━━ PROVIDED RECORDS ━━

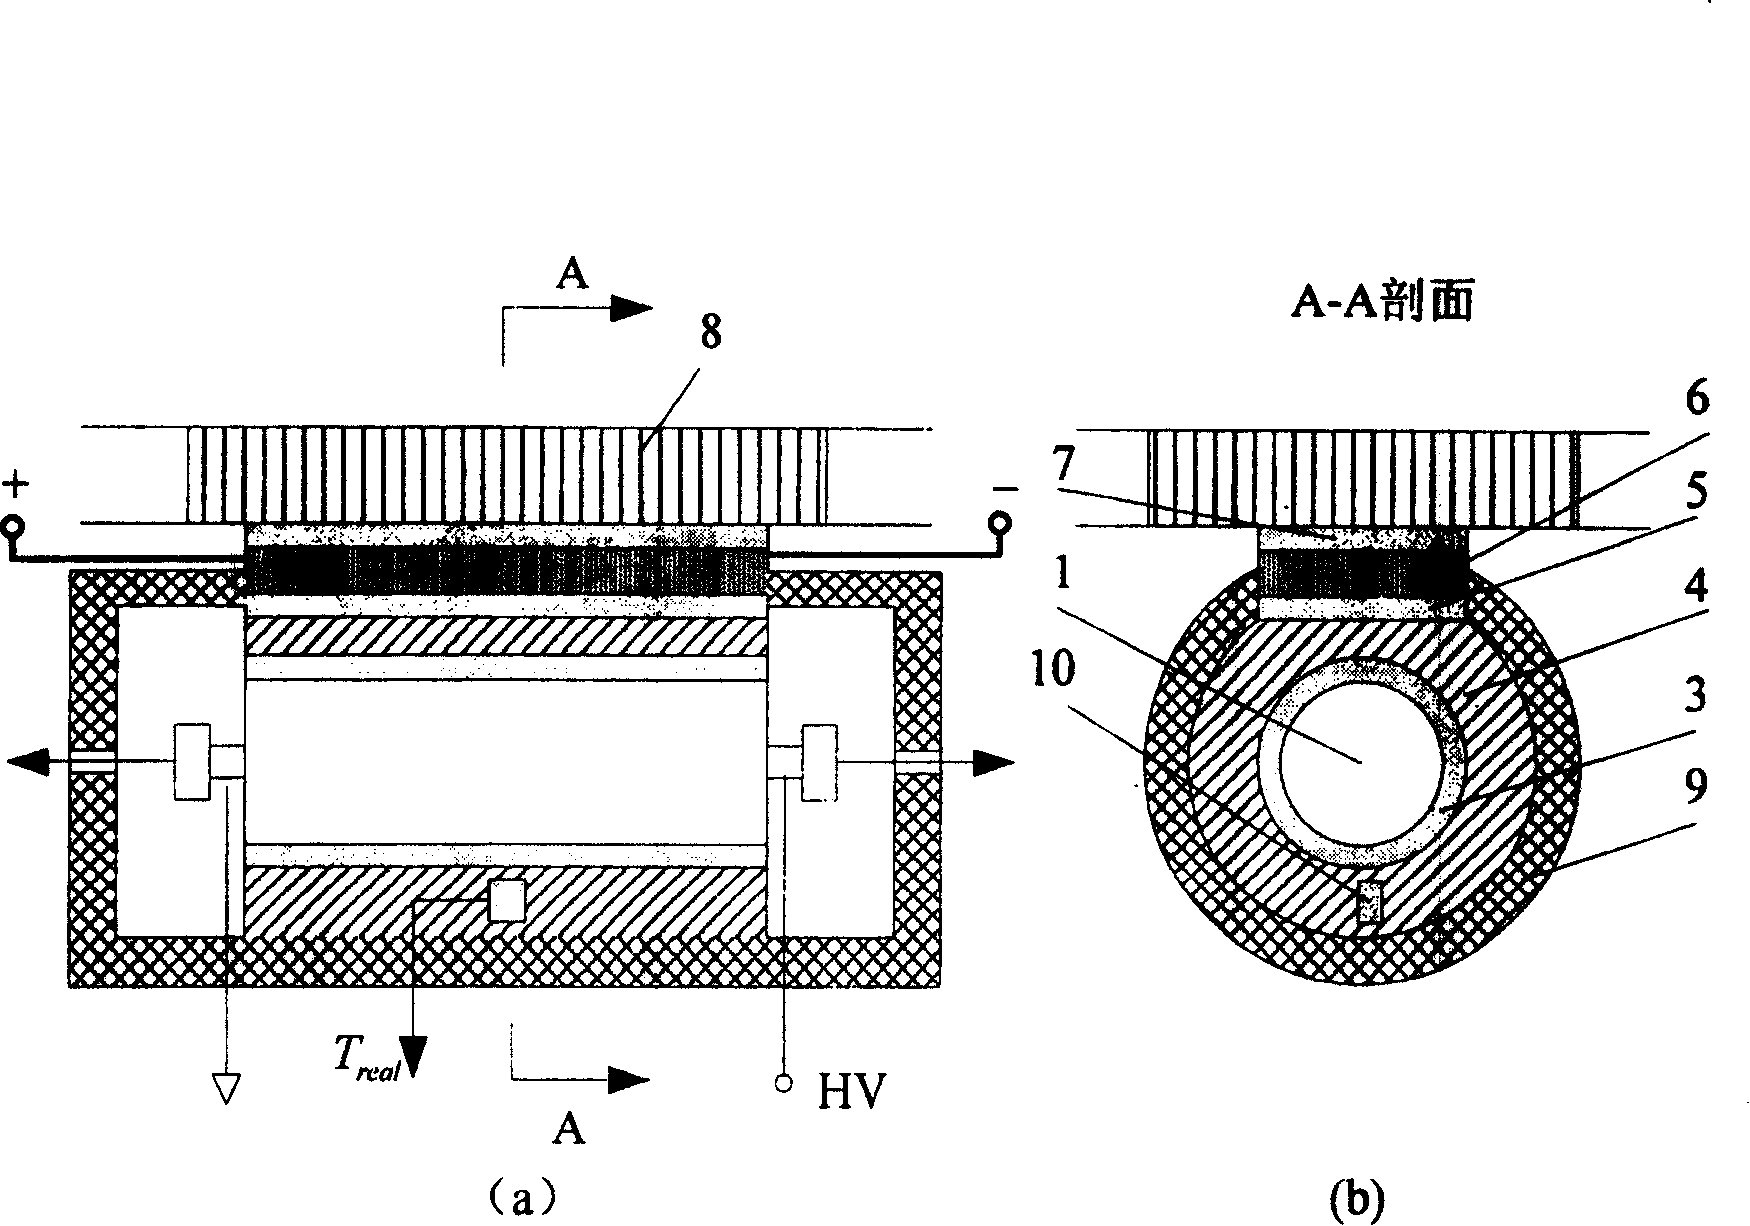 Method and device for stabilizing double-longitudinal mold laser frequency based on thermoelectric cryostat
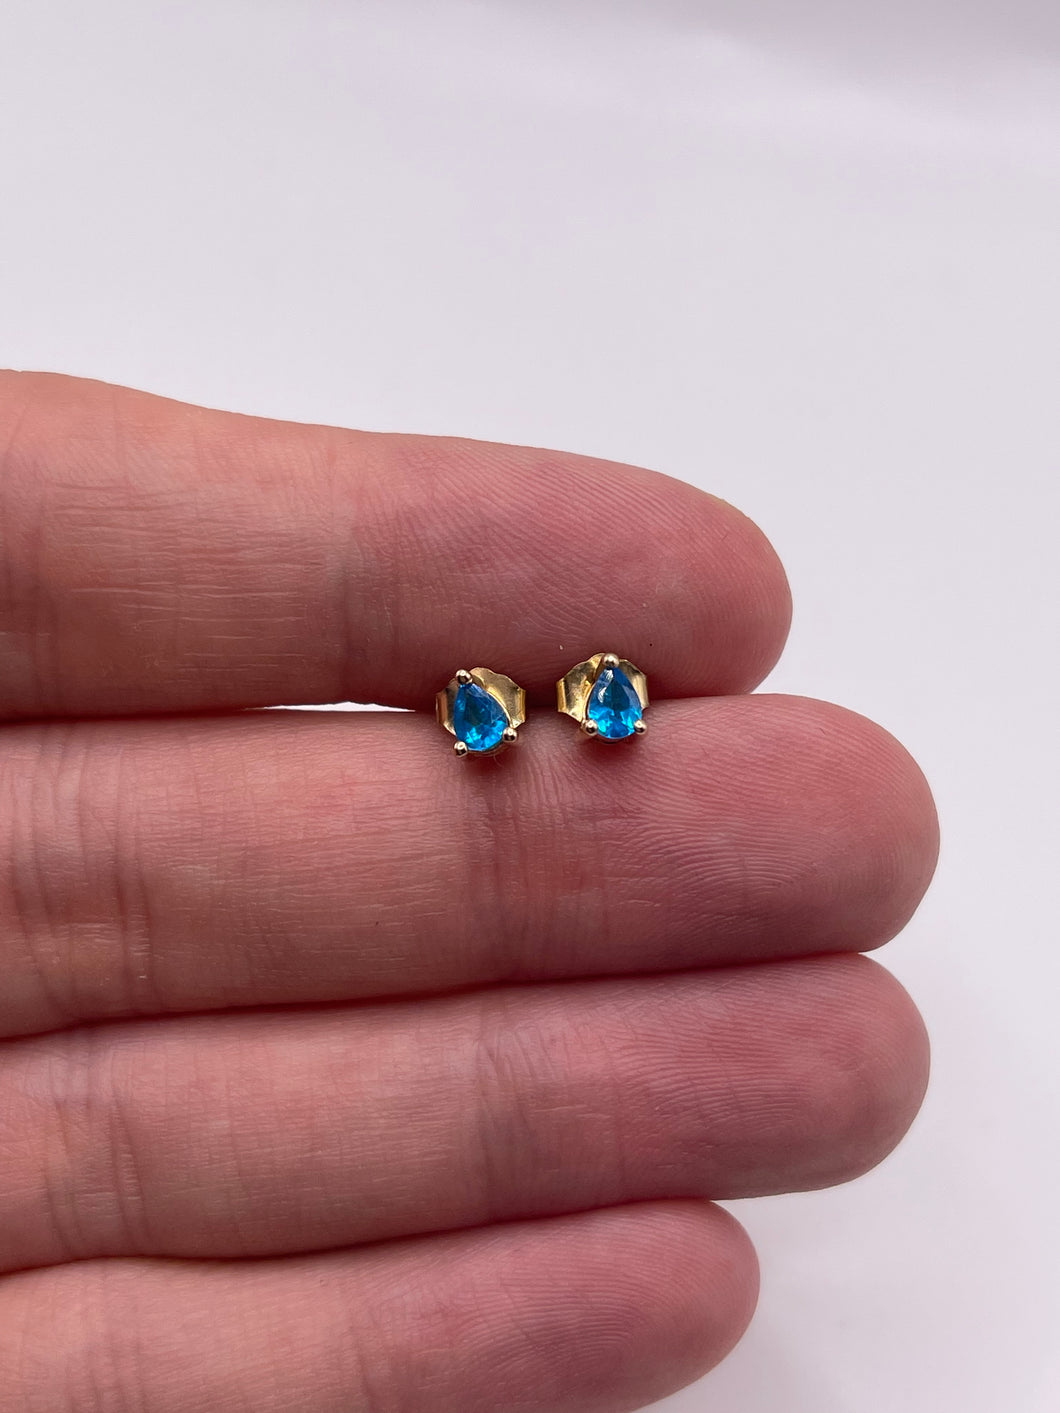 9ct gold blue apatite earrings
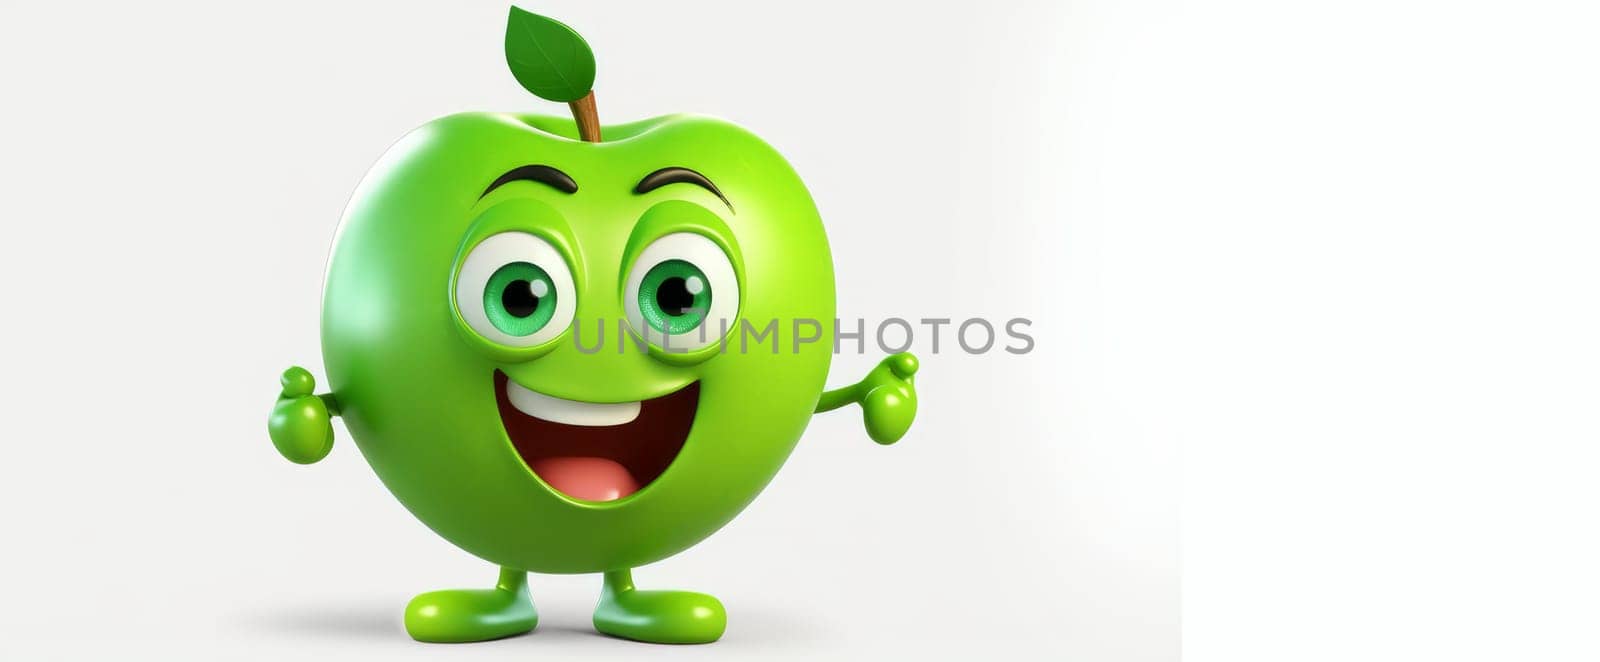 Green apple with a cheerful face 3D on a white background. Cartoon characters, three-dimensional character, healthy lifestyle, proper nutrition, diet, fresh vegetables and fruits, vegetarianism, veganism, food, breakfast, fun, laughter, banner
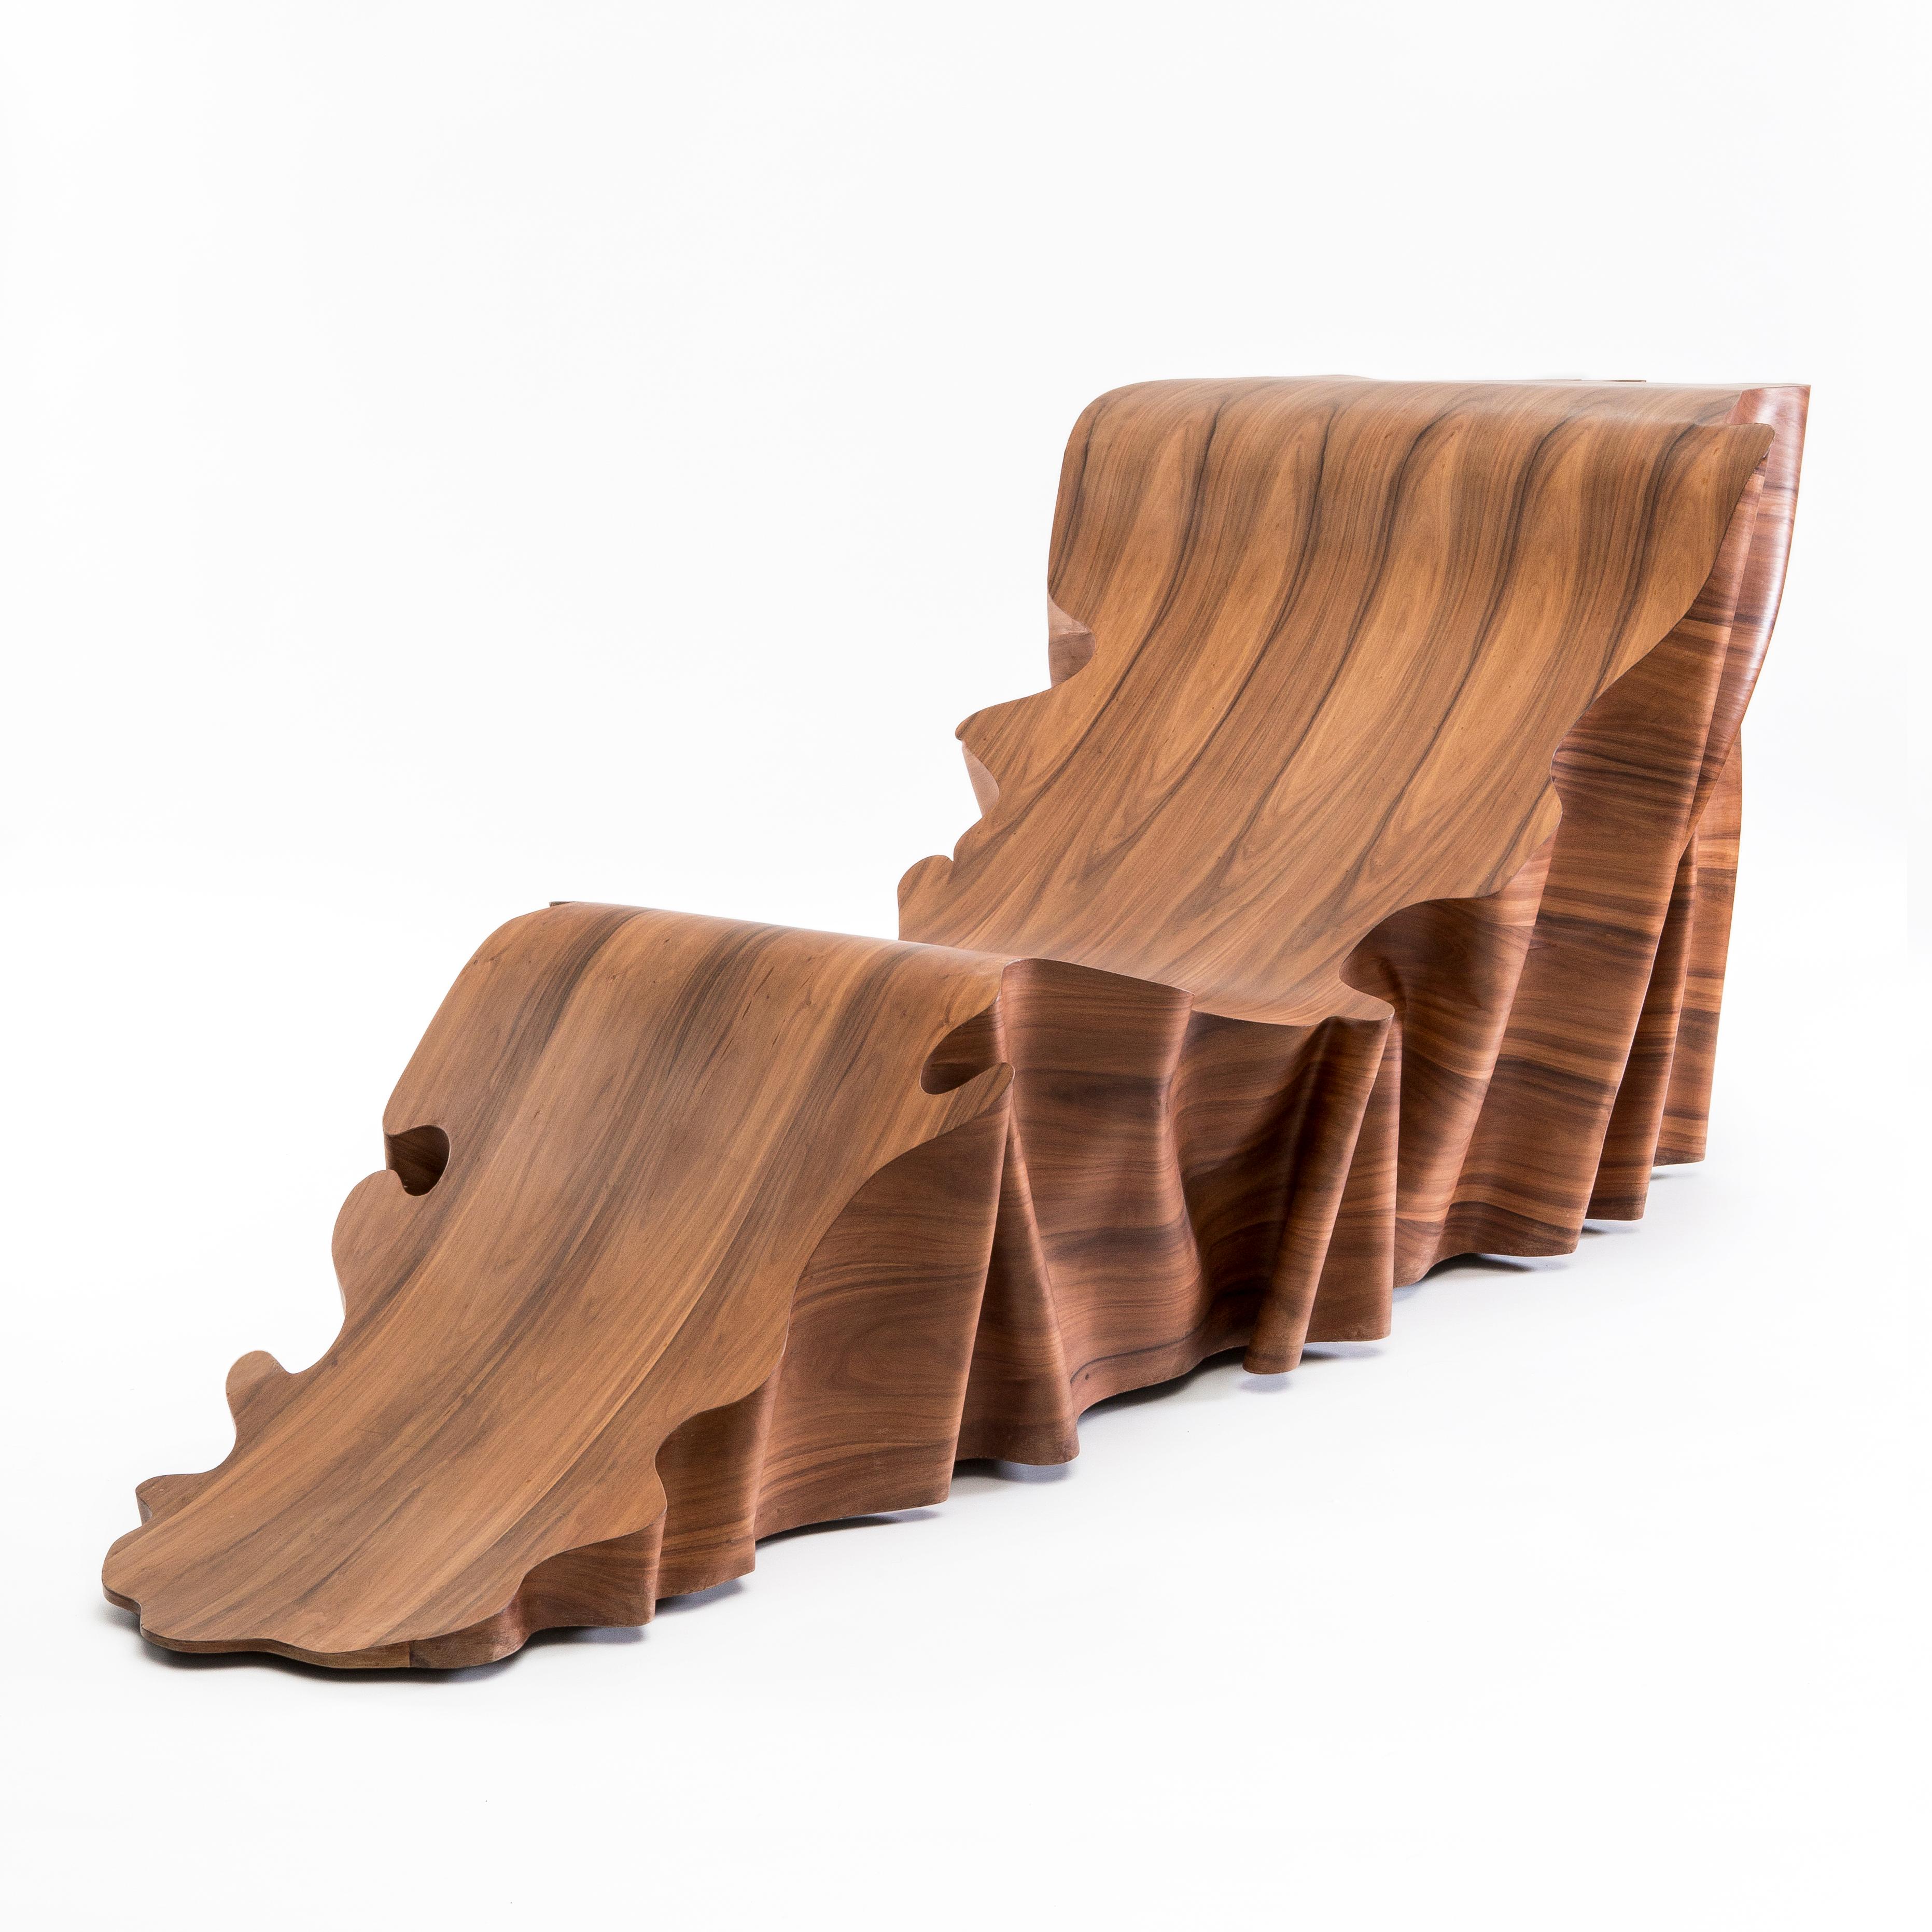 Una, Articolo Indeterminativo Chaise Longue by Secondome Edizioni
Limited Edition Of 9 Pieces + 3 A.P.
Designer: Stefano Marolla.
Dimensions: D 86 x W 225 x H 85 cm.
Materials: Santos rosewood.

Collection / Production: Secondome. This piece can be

━━━

Set the lines above down again, word for word, from the first through the one containing "9ct gold blue apatite earrings"; pictures excluded.

 Method and device for stabilizing double-longitudinal mold laser frequency based on thermoelectric cryostat
 9ct gold blue apatite earrings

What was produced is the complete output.